De Facto Property Settlement in Queensland: Rights, Time Limits, and Process

De facto couples in Queensland have the same property settlement rights as married couples — but the eligibility rules are different, the time limits are shorter, and the threshold for accessing the court is higher. If you're separating from a de facto partner, understanding these differences early prevents costly mistakes.

Establishing Jurisdiction

Before the FCFCOA can divide property for a de facto couple, you need to satisfy one of the jurisdictional gateways under s 90SK of the Family Law Act 1975. You must prove at least one of:

  • The relationship lasted at least 2 years. This is the most common pathway. The relationship doesn't need to have been continuous — periods of separation and reconciliation can be counted, but you need to prove the overall duration.
  • There is a child of the relationship. Biological or adopted children establish jurisdiction regardless of the relationship's duration.
  • The relationship was registered under a state or territory law. In Queensland, this means registration under the Civil Partnerships Act 2011 (Qld).
  • One party made substantial contributions and failing to make an order would cause serious injustice. This is the hardest gateway — the court sets a high bar for "serious injustice."

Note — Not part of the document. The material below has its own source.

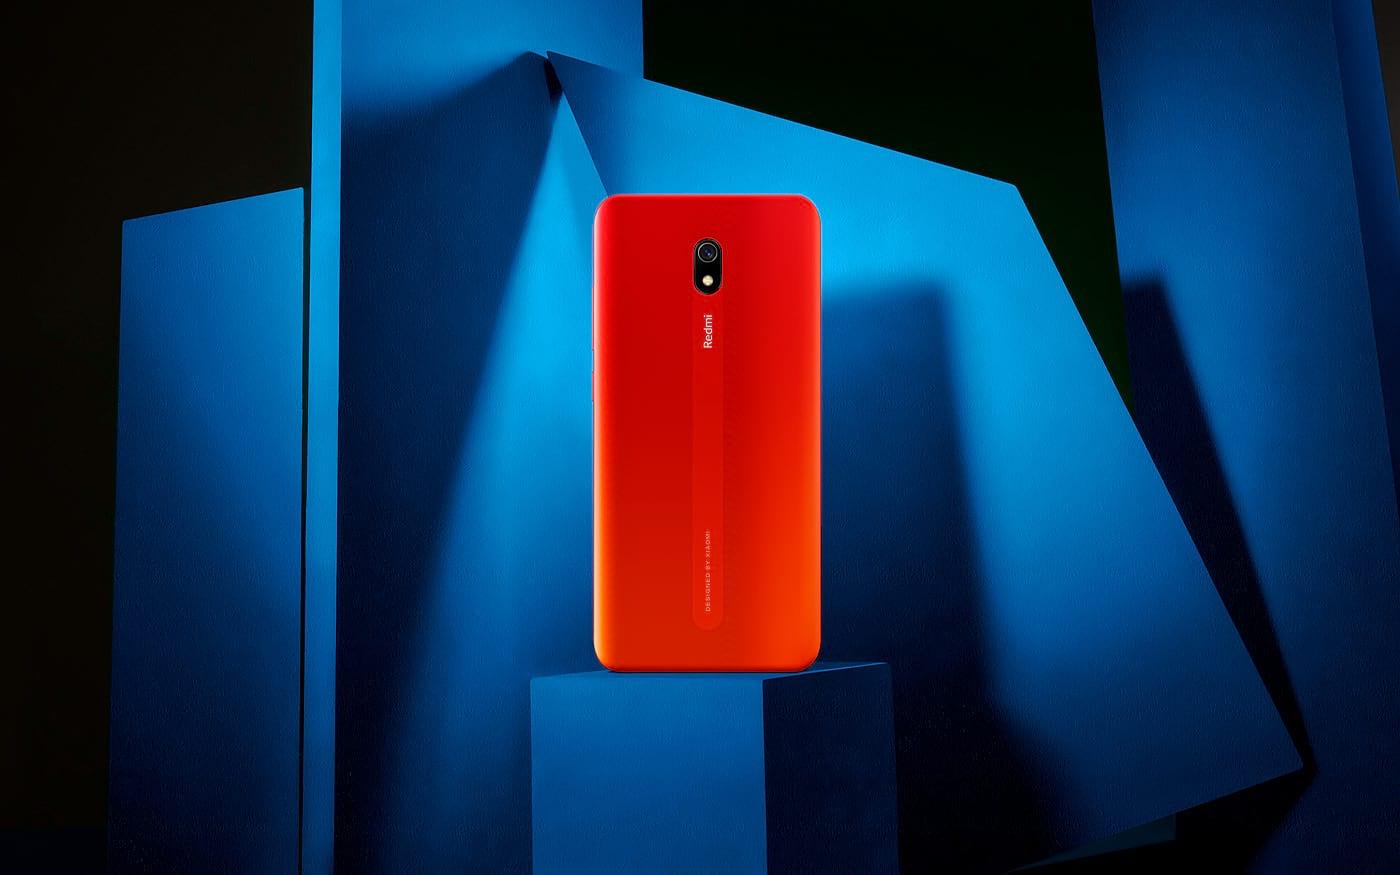 Redmi 8A chega com tela HD+ de 6,2 polegadas e bateria de 5.000 mAh

Additionally, the couple must have resided in a participating jurisdiction (which includes Queensland but excludes Western Australia) for at least one-third of the relationship, or the claiming party must have made substantial contributions connected to Queensland.

The 2-Year Time Limit

This is the most critical difference from married couples. De facto couples must apply for property settlement orders within 2 years of the date of separation — not 2 years from any court order, because de facto couples don't get a divorce order.

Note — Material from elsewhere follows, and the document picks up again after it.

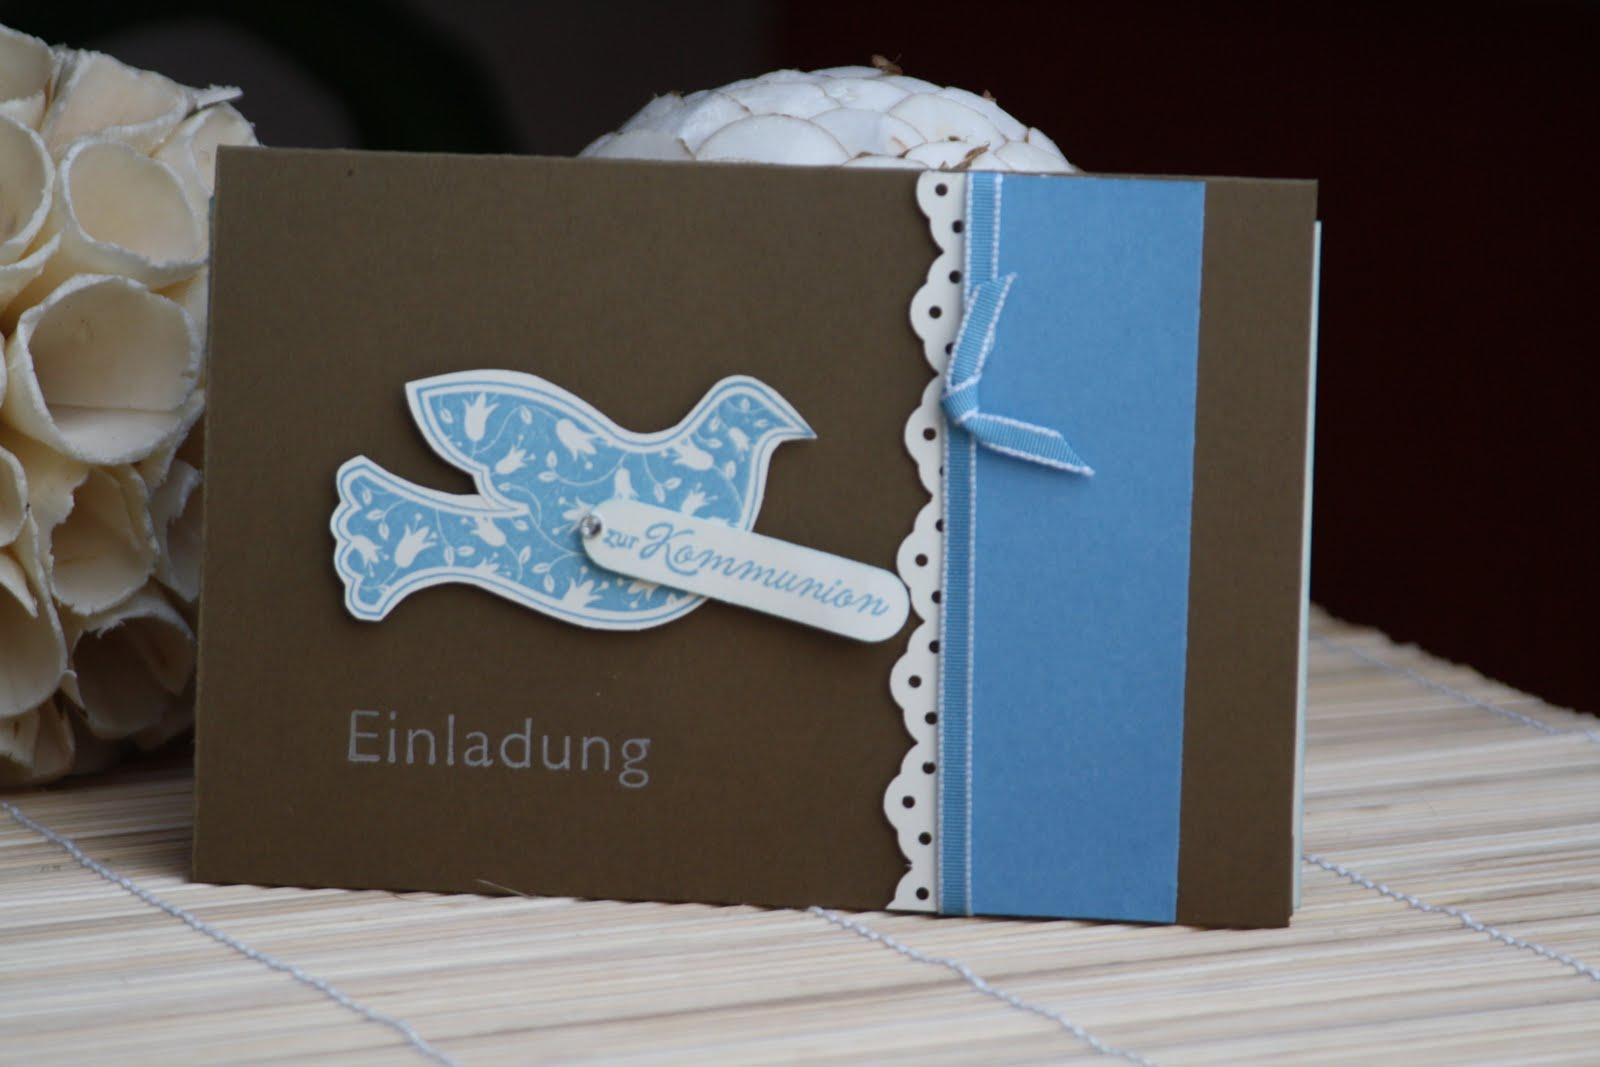 Catering design fotos de ideas y detalles de primera - Como hacer tarjetas para comunion ...

For married couples, the clock starts when the divorce order takes effect, giving them a clear reference date. For de facto couples, the separation date itself can be disputed, and the 2-year countdown begins whether you're ready or not.

If you miss the 2-year deadline, you must apply for leave of the court under s 44(6). The court will only grant leave if you can demonstrate that you would suffer hardship if leave were refused — and this is an additional, contested application that adds cost and delay with no guaranteed outcome.

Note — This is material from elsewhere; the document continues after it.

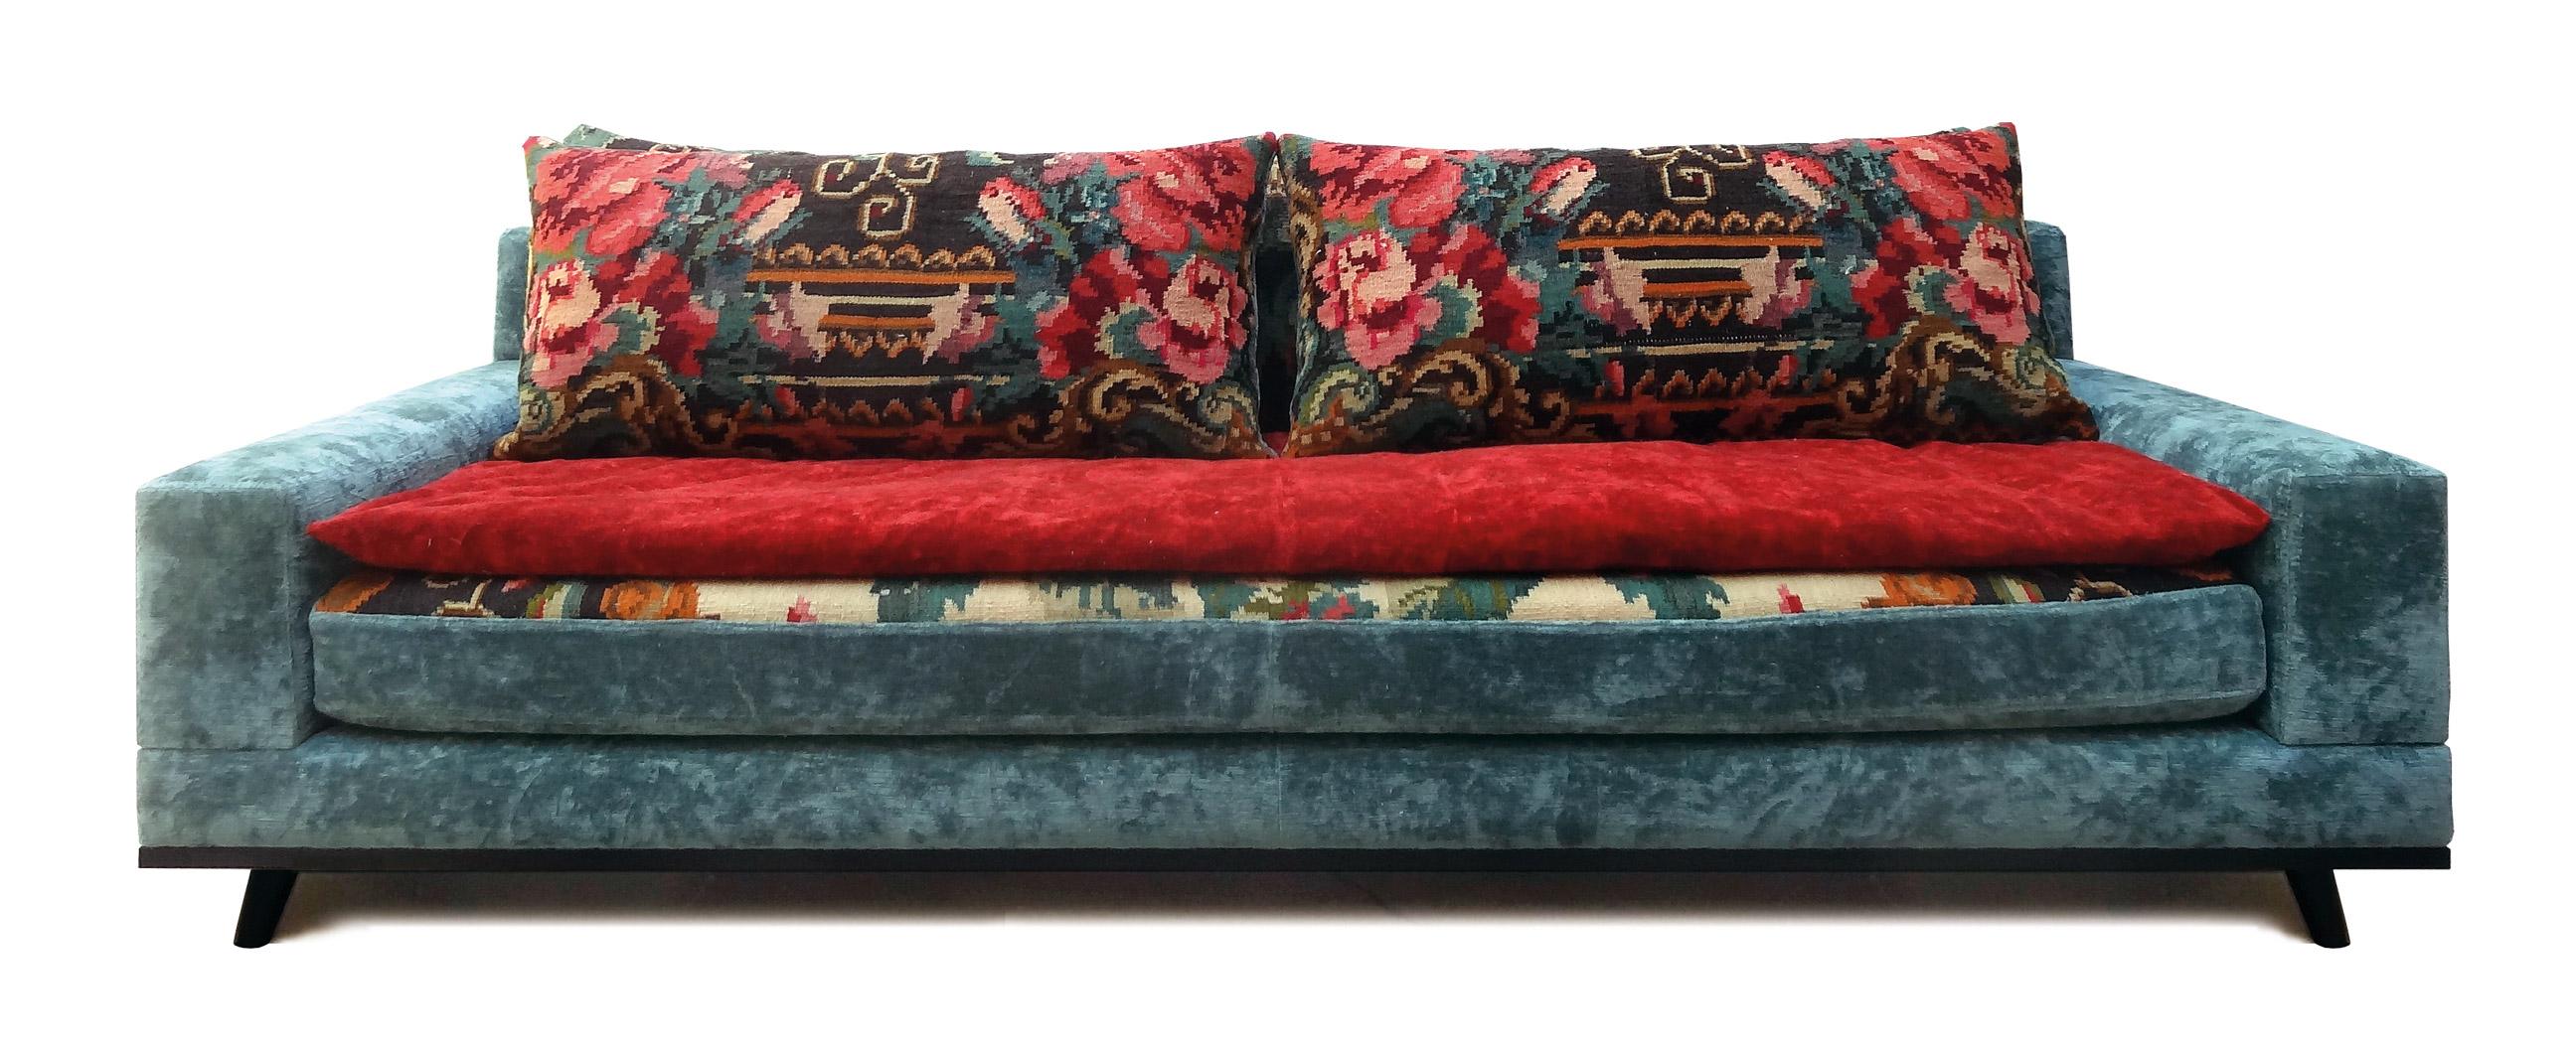 Canap mirleft par florence bourel - Le monde sauvage meubles ...

The Property Division Process

Once jurisdiction is established, the four-step property settlement process is identical to married couples:

  1. Identify and value the net asset pool. All assets and liabilities held by either party, valued at the date of settlement (not the date of separation).

  2. Assess contributions. Financial, non-financial, and homemaker/carer contributions are evaluated. The court applies s 90SM (the de facto equivalent of s 79 for married couples).

  3. Evaluate future needs. Under s 90SF(3), the court considers age, health, income, earning capacity, care of children, and access to financial resources.

  4. Just and equitable check. The final proposed split is tested for overall fairness.

The key difference is the legal provisions (s 90SM instead of s 79, s 90SF instead of s 75(2)), but the practical framework and the factors considered are the same.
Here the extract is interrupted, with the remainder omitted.